Segment Start: Input material

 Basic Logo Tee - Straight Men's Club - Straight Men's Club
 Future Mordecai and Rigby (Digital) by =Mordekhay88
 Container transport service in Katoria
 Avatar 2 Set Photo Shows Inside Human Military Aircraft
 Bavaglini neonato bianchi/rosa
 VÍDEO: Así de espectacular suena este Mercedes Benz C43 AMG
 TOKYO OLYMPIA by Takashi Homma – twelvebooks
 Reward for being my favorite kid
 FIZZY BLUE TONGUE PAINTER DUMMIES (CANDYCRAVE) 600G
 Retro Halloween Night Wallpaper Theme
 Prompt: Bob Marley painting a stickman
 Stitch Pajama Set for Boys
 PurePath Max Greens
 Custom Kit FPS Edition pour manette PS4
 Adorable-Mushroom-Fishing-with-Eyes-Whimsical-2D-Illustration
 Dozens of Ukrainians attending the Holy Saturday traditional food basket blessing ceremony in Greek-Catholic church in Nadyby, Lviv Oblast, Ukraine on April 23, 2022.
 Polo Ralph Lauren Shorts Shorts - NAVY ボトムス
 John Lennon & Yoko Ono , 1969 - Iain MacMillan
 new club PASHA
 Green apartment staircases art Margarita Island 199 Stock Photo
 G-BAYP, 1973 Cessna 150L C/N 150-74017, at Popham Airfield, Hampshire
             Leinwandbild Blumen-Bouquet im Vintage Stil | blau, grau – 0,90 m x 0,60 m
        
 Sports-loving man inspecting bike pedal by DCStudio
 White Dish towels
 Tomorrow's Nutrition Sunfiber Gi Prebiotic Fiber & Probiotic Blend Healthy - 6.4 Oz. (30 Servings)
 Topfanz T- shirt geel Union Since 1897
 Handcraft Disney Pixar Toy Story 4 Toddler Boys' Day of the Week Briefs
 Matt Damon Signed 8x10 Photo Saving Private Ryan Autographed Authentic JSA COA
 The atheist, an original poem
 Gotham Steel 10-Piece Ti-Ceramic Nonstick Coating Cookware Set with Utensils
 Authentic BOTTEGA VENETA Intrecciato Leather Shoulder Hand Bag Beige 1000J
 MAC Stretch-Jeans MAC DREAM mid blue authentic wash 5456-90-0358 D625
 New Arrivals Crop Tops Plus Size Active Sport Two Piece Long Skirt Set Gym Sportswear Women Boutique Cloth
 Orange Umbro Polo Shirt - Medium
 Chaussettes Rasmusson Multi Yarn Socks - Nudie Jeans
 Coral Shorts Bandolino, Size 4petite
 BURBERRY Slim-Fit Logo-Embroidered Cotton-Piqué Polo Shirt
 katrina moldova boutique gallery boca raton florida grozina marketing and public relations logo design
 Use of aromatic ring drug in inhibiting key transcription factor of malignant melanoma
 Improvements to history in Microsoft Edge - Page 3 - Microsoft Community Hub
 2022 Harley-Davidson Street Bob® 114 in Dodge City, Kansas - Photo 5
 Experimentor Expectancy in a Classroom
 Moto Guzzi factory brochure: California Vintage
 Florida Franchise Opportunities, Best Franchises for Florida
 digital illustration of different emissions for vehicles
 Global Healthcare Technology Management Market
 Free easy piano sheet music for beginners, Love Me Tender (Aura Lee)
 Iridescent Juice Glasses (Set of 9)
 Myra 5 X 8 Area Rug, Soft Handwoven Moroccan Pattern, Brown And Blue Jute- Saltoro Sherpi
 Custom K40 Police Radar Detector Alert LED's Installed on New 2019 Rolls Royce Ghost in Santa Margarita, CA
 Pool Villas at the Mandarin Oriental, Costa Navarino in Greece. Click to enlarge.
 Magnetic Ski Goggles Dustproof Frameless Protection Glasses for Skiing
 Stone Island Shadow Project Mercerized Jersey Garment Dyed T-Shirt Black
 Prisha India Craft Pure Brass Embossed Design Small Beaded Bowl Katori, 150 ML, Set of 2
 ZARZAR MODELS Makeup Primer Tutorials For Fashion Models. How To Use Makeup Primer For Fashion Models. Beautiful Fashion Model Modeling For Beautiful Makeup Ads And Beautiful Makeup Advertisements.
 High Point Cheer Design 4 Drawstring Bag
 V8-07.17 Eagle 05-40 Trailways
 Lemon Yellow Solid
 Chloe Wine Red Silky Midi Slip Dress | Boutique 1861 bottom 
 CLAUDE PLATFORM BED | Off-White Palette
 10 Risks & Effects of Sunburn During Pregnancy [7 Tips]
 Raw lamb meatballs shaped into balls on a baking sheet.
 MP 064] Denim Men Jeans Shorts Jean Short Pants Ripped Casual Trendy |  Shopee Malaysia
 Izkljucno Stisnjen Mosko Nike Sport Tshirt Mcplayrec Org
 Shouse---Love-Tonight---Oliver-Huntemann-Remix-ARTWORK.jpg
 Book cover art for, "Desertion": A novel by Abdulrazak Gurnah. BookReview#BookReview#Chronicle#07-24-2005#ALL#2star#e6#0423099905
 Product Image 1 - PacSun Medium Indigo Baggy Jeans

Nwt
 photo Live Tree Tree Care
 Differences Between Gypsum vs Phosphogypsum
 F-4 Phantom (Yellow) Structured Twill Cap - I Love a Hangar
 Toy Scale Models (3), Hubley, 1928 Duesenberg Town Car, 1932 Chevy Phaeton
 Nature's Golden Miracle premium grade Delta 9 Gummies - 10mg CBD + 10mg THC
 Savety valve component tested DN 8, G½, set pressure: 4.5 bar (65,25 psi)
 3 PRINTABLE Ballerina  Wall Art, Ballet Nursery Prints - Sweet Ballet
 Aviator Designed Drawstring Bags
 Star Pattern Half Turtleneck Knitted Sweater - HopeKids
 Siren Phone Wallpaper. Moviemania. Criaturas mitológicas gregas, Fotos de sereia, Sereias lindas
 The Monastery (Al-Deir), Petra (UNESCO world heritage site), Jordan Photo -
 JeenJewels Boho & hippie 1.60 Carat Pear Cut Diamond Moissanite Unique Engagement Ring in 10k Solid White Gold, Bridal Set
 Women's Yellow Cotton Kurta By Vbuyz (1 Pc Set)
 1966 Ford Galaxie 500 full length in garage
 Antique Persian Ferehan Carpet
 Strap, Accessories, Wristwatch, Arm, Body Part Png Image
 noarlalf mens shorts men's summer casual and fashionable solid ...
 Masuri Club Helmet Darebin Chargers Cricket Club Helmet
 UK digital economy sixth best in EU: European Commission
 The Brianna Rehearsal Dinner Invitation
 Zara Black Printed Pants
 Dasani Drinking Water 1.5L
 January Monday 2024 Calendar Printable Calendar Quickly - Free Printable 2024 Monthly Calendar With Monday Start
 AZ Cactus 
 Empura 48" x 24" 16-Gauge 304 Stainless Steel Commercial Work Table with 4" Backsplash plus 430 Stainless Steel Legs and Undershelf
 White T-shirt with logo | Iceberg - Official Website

Segment End: Input material

## Required work:
Extract every line above containing the word "Love".

## Answer to the problem:
 Free easy piano sheet music for beginners, Love Me Tender (Aura Lee)
 Shouse---Love-Tonight---Oliver-Huntemann-Remix-ARTWORK.jpg
 F-4 Phantom (Yellow) Structured Twill Cap - I Love a Hangar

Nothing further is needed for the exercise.